The Corner

Spending Cuts vs. Cutting Entitlements

For several years now the president has told us he believes in a “balanced approach” to reduce the debt and deficit. When he had to be specific he suggested $2.5 in spending cuts for every $1 in new tax revenue. Considering that in the fiscal-cliff deal he got roughly $630 billion in new tax revenue, that means that to keep his promise the president must now cut some $1.5 trillion. These cuts should, of course, come on top of the implementation of sequestration which was one of the conditions for raising the debt ceiling last time around.

Now, we can debate whether or not using the need to raise the debt ceiling as leverage is the right way to go about getting the president to deliver on his promise. I have some sympathy for the arguments made by Reihan Salam and Philip Klein that it is not an ideal option and should be avoided. Besides, defaulting should not be on the table, making the leverage of the debt-ceiling fight relatively small anyway. 

But as Yuval Levin rightly notes this morning, raising the debt ceiling without a gesture to improve our long-term debt problem may not be an option. Earlier this week, Fitch warned the U.S. government that while it wants the debt ceiling to be raised, it also wants the government to come up with a credible medium-term deficit-reduction plan. Without it, the agency could downgrade the U.S. credit rating by the end of this year. 

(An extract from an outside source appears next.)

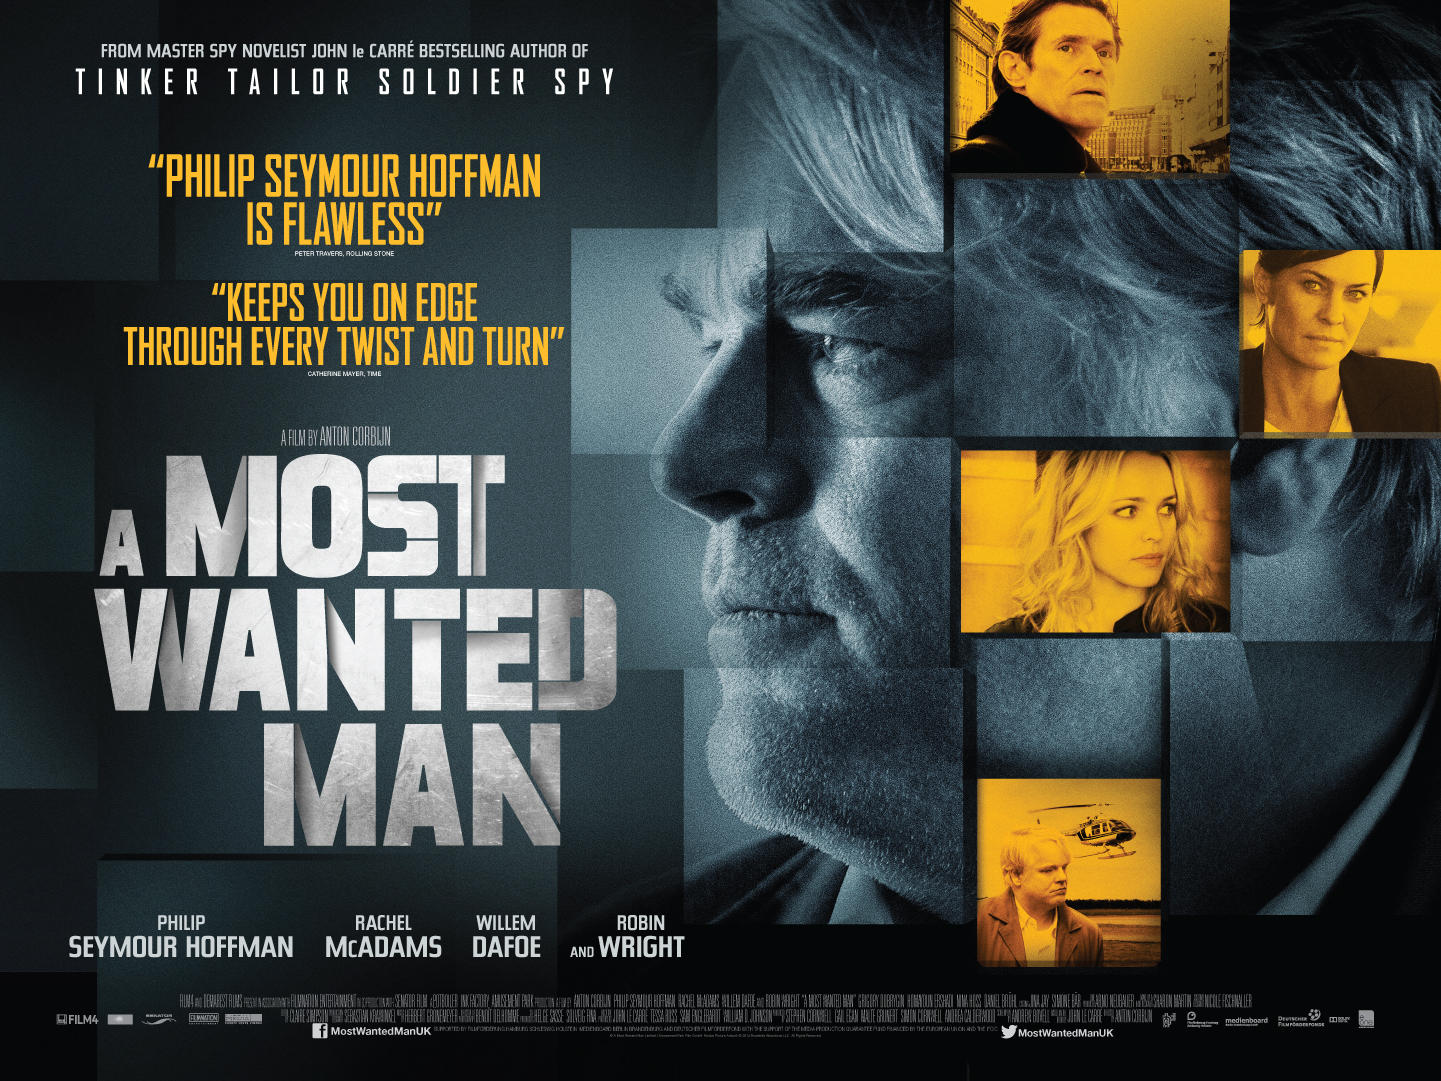 a-most-wanted-man-poster3.jpg

My concern right now is that the way Republicans are handling the debt ceiling—and every short-term crisis—may end up being a distraction from achieving what should be their long-term goal of putting the country on a sustainable path. Here is why: Ultimately, the government will need to raise the debt ceiling. In fact, if we don’t reform entitlement spending growth we will need to raise it again many times. There is no other option. Without changes, spending as a share of GDP is projected to almost double over the next 30 years (from 23 percent today to 40 percent in 2045). The gap between revenue and spending will grow considerably, causing the public debt to grow from 70 percent of GDP today to about 250 percent by 2045. So in a sense this fight over raising the debt ceiling is merely symbolic if Republicans’ greatest demand is nickel-and-dime discretionary spending cuts. Don’t get me wrong, I am all in favor of fighting for any spending cuts. But the real fight is about addressing our long-term problems, which will require significant reform to the drivers of both our spending and debt: Medicare, Social Security, Medicaid, and the new health-care entitlement.

Unfortunately, unless I am missing something, I do not see lawmakers fighting that long-term battle at the same time as they are expending lots of energy trying to avoid sequestration cuts. 

Veronique de Rugy is a senior research fellow at the Mercatus Center at George Mason University.